Why should irrational numbers like PI not be countable? There is an algorithm that can calculate PI, and algorithms are countable, which is obvious since it can be stored on a hard drive in a certain format, that can also be interpreted as one large number.
Therefore, irrational numbers that have an algorithm must be countable too. And since I doubt that there is a number that cannot be calculated. I assume that all irrational numbers are countable.
I'm not a mathematician and therefore assume that there is something fundamental wrong with my argument, but I would like to know what it is.
 A: My favorite example of a non-computable number can be found here.
What you have touched on is the definition of computable numbers. These are numbers which, informally, can be output by a computer running some program. A technical definition is as follows (copied from the wikipedia page)

A real number a is computable if it can be approximated by some computable function $f:\mathbb {N} \to \mathbb {Z }$ in the following manner: given any positive integer $n$, the function produces an integer $f(n)$ such that:
$${f(n)-1 \over n}\leq a\leq {f(n)+1 \over n}$$

All this definition basically says is that given enough time, a computer can spit out as many digits of the number as you wish (although obviously not all of them). Do non-computable numbers exist? You bet, and here is an existence proof (although I will hand wave some of the details)
Theorem: The set of computable numbers is countable
Proof: By definition, every computable $x$ number corresponds to some computer program which will spit out $n$ digits of $x$ after $n$ steps (this is one part I am hand waving). But the set of all computer programs is countable since every computer program can be defined in a finite number of symbols. To get some intuition about why this is true (again, I am hand waving some of the finer details) try to imagine writing a computer program:
$1)$ Pick a language (Python for example)
$2)$ Type the symbols that Python recognizes (a key point, it only recognizes a finite number of symbols)
$3)$ Run the program after you are finished typing
The key idea is that every program is made up of a finite number of symbols picked from a finite language. Thus, there are only a finite number of programs that can be written (for example in Python) with length less than $100$ symbols. Do these programs do anything interesting? Probably not, but the key point is that you can list them all if you really wanted to. Thus, the set of all computer programs is countable: list the programs with less than $10$ symbols, then add the programs with less than $100$ symbols to this list, then $1000$ symbols and so on. Since the program that defines the computable number $x$ must be somewhere in this list, and $x$ was an arbitrary computable number, we conclude the set of computable numbers is countable.

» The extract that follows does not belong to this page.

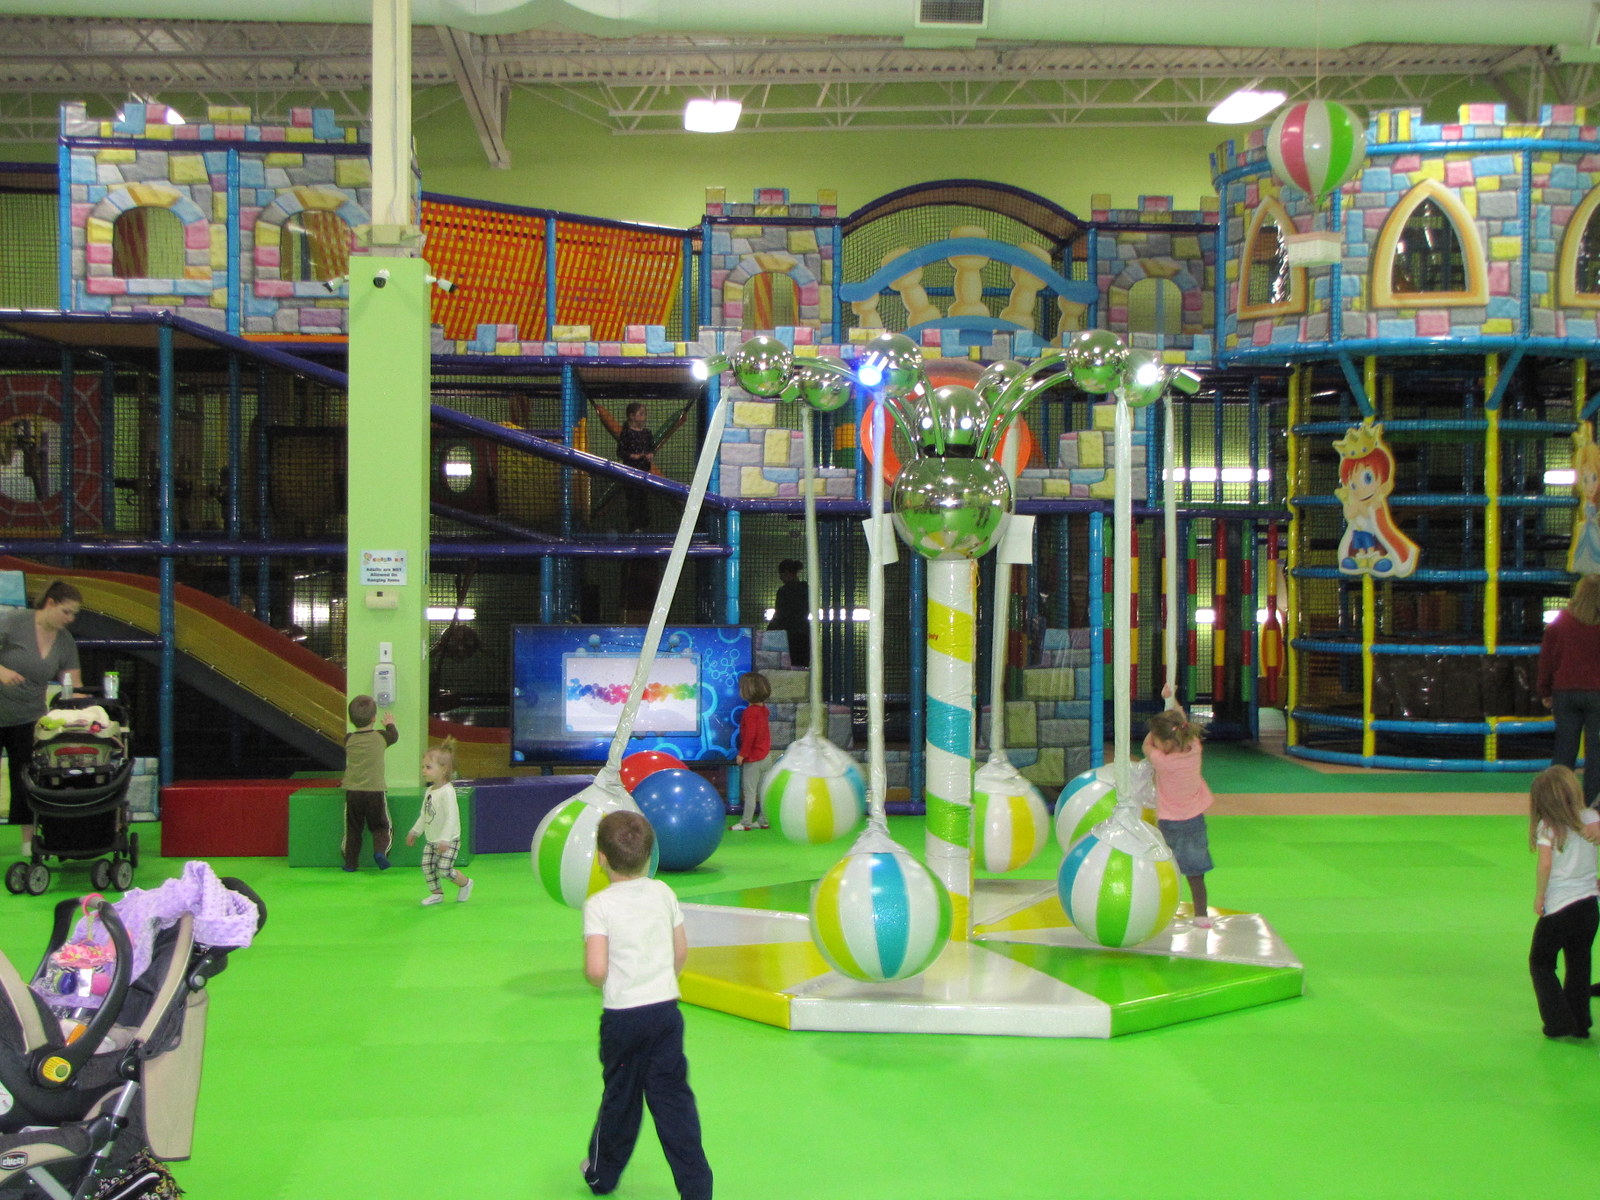 Catch Air Indoor Play Center Now Open in Grand Rapids - grkids.com

A: The issue with your argument is the assumption that every irrational number has an algorithm to compute it. Unfortunately, this is known to be false. The proof that numbers exist without such algorithms is elegant, but it requires knowledge of the Halting Problem. For the purposes of this answer, I will be very imprecise.
The Halting Problem
The Halting Problem asks the following question - is there an algorithm $X$ that takes as input another algorithm $Y$ and some other input $A$ and returns $1$ if the algorithm $Y$ terminates while computing on input $A$ and $0$ if $Y$ computes forever. In symbols, $X(Y,A)=1$ if $Y\downarrow A$ and $X(Y,A)=0$ otherwise. To see that such an algorithm doesn't exist, we can write an algorithm $Z$ that has access to $X$ and loops if $X(Z,Z)=1$ and immediately halts if $X(Z,Z)=0.$ Now if $X(Z,Z)=1$ is actually true, $Z$ will loop forever and never terminate, but this implies that $X(Z,Z)=0$ by the definition of $X,$ a contradiction. On the other hand, if $X(Z,Z)=0$ is true, we know that $Z$ will immediately halt, but this implies $X(Z,Z)=1,$ another contradiction. Since the existence of $X$ allows us to write this contradictory algorithm $Z,$ it must be the case that $X$ does not exist.
The Busy Beaver Function
The easiest example of a non-computable number comes from counting the number of steps that each algorithm of a fixed size can compute before halting. This counting is called the Busy Beaver Function and is given the symbol $\Sigma$. It takes a natural number $k$ as input and returns the maximum number of steps an algorithm of length $k$ can take before halting when given no input. This function doesn't have an algorithm either. If it did, then we could solve the halting problem as follows. Given an algorithm $Y$ and input $A$, we can write a new algorithm $Y[A]$ which takes no input and runs the algorithm $Y$ on input $A.$ We can then measure the size $k$ of $Y[A]$ and run the algorithm to calculate $\Sigma(k).$ Now we can simply run $Y[A]$ for $\Sigma(k)$ steps and see if it has terminated. If so, then we know it halts and we can return $1$, otherwise, since all algorithms of size $k$ terminate in $\Sigma(k)$ steps or less, it must be that $Y[A]$ never halts so we can return a $0.$
A Non Computable Number
The Busy Beaver Function can be used directly to define a non computable number. First, it's important to note that $\Sigma$ is strictly increasing. This implies that the $n$th smallest element of the image of $\Sigma$ is the value of $\Sigma$ at $n.$ It also implies that the following sum contains only ones and zeros in its decimal expansion
$$C=\Sigma_{k=0}^{\infty}10^{-\Sigma(k)}$$
where the outer "$\Sigma$" denotes a sum and the inner "$\Sigma$" denotes the Busy Beaver Function. If $C$ were computable, then we could compute $\Sigma(k)$ for any $k$ by simply computing more and more digits of $C$ until we find the $k$th occurrence of $1$. The integer representing the location of the $k$th occurrence of $1$ is then the value of $\Sigma(k).$ However, we know that $\Sigma$ is not computable because the Halting Problem is not decidable, and so it must be the case that $C$ is a non-computable real number.
A Note on Irrationality
Though I haven't worked through the details, I believe $C$ to be a transcendental number. It's known that the growth rate of the Busy Beaver function is asymptotically greater than any computable function. In particular, the spacing of the ones in the decimal expansion of $C$ grows faster than the spacing of the ones in Liouville's Constant, for which the $k!$th digit is a $1$ for each $k\in\mathbb{N}.$ I believe this is enough to satisfy the Liouville inequality, implying that $C$ is in fact a Liouville Number.